If you did not live together (highly unlikely in the year you got married!!!–the next post is dead on target) and you file MFS, the loss is limited to $12,500 (1/2 of $25,000) and the phaseout begins at $50,000. At $61,000, you’d be limited to claiming a loss of no more than $7000 on the MFS return.
Be advised, if this applies to you, you really, really need to run some dummy tax returns before 1/15. You may owe estimated taxes and the penalty works out to 4% of what you owe.
By the way “active” isn’t difficult. Real Estate Professional is the one that’s impossible.
December 19th, 2008 at 4:09 am
DUSTY
You can run it both ways (Married - Filing Jointly or Married - Filing Separately) and see which way gives you the best result.

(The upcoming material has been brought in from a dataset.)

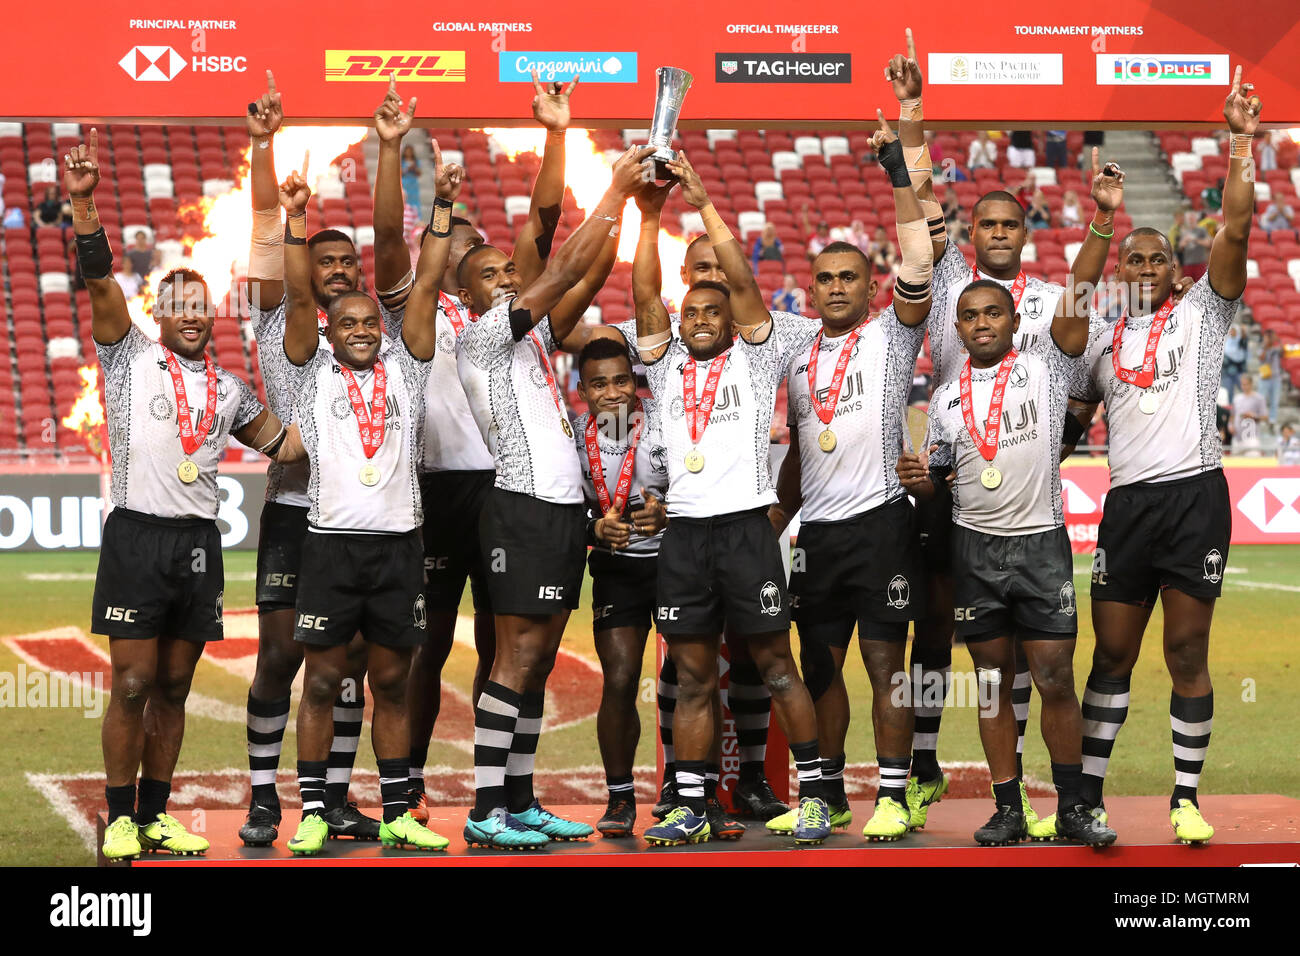 Singapore. 29th Apr, 2018. Fijian players celebrate after winning the Cup Final match between Fiji and Australia at the Rugby Sevens tournament at the National Stadium. Singapore. Credit: Paul Miller/ZUMA Wire/Alamy Live News Stock Photo

Keep in mind though that you won’t be able claim rental losses any longer. They will be deferred until you sell the property. On a joint return, your combined income is too high to claim the losses and, on a separate return, you aren’t allowed any losses at (assuming that you live together).
…and, not to get political, but the money spent on Corporate welfare is vastly higher than individual welfare.
December 21st, 2008 at 4:48 pm
ROB
You would be well advised to look at a married, filing joint, tax return. You combine income and losses and lower the end figure for your lowest total tax bite. Good luck and Happy New Year (a bit of sarcasm there).